Therapy of RA

To treat rheumatoid arthritis, an early and effective intervention is required. The aim of the treatment is to diminish disease activity as much as possible and to prevent joint destruction. Once present, joint destruction is not reversible.

Non-pharmacological treatment is important in the treatment of RA. For example, exercises can slow-down the development of a disability and handicap. It has proven effective in counteracting the development of decreased physical condition and muscle strength, and of osteoporosis. Surgery and/or artificial joint replacement must be considered when, despite the treatment, the joint is destroyed.

Pharmacological treatment involves mostly a combination of analgesics, anti-inflammatory drugs and disease modifying agents.

Non-disease modifying drugs are applied to treat the pain, whether due to inflammation or destruction. Painkillers such as paracetamol and NSAIDs (non-steroidal anti-inflammatory drugs) or COX-2 inhibitors are used. These drugs do not modify the course of the disease (non-modifying drugs), but provide ‘symptomatic’ treatment only.

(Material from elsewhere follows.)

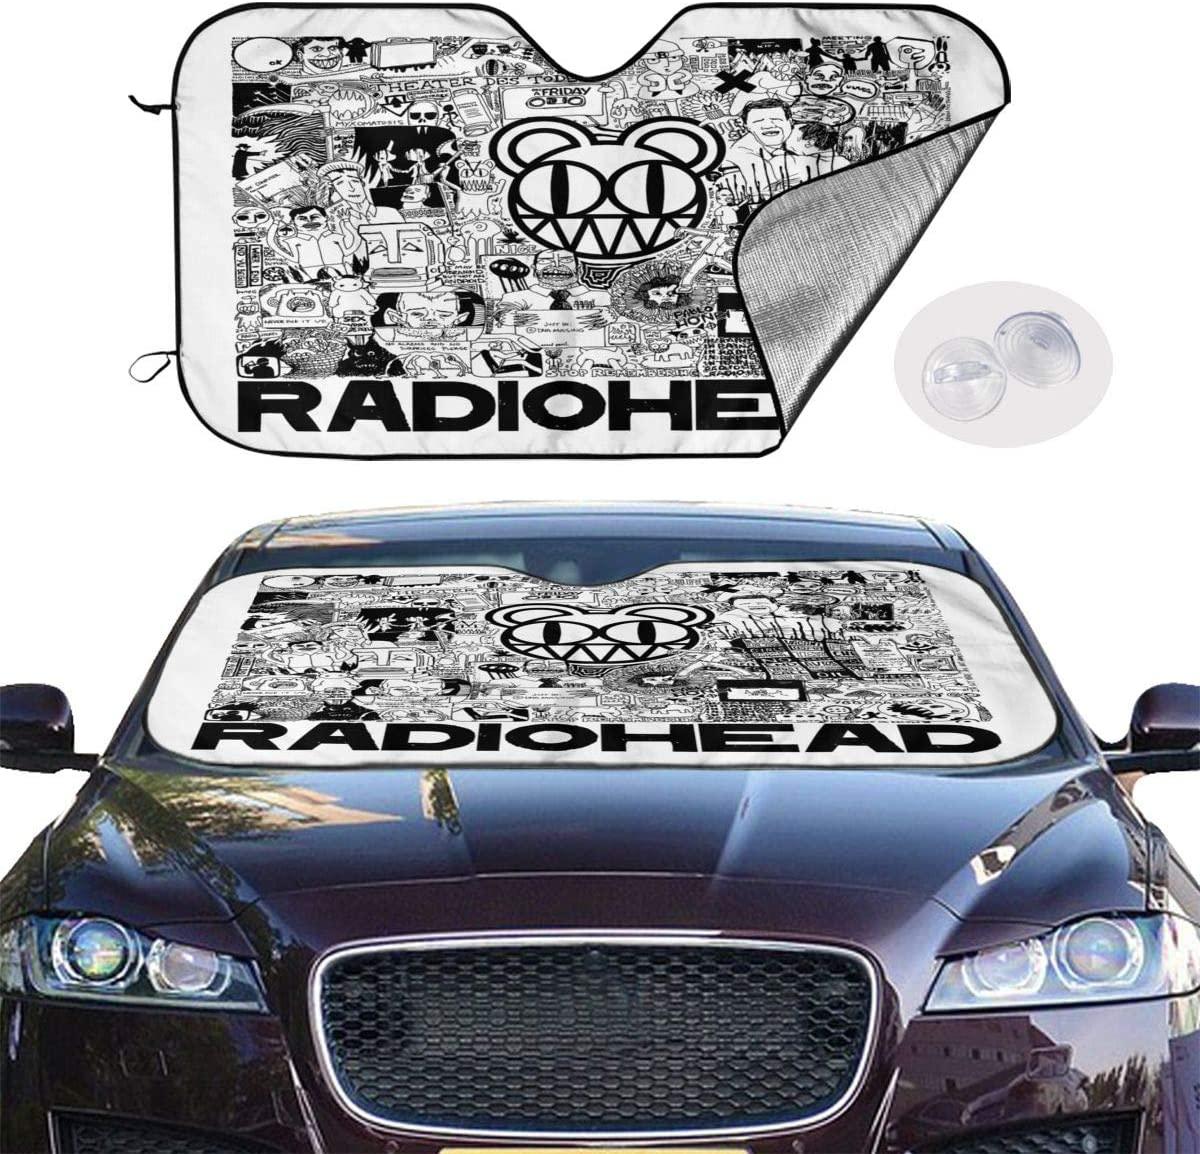 NOT Radiohead Universal and Stylish Car Windshield Visor

DMARDs (disease modifying anti-rheumatic drugs) are effective in suppression of disease activity (inflammation) and decrease thereby the symptoms of inflammation such as pain, swelling and stiffness. Moreover, most of them have been tested in RCTs and proven to be able to slow down the rate of joint damage. Most frequently used DMARDs are methotrexate, sulfasalazine (salazopyrine), leflunomide, and gold. Corticosteroids (prednisone) and recently emerged TNFα-blocking DMARDs are very effective in lowering disease activity and slowing down the joint damage. Corticosteroids are mostly used as ‘bridging’ or for local (intra-articular) treatment of arthritis.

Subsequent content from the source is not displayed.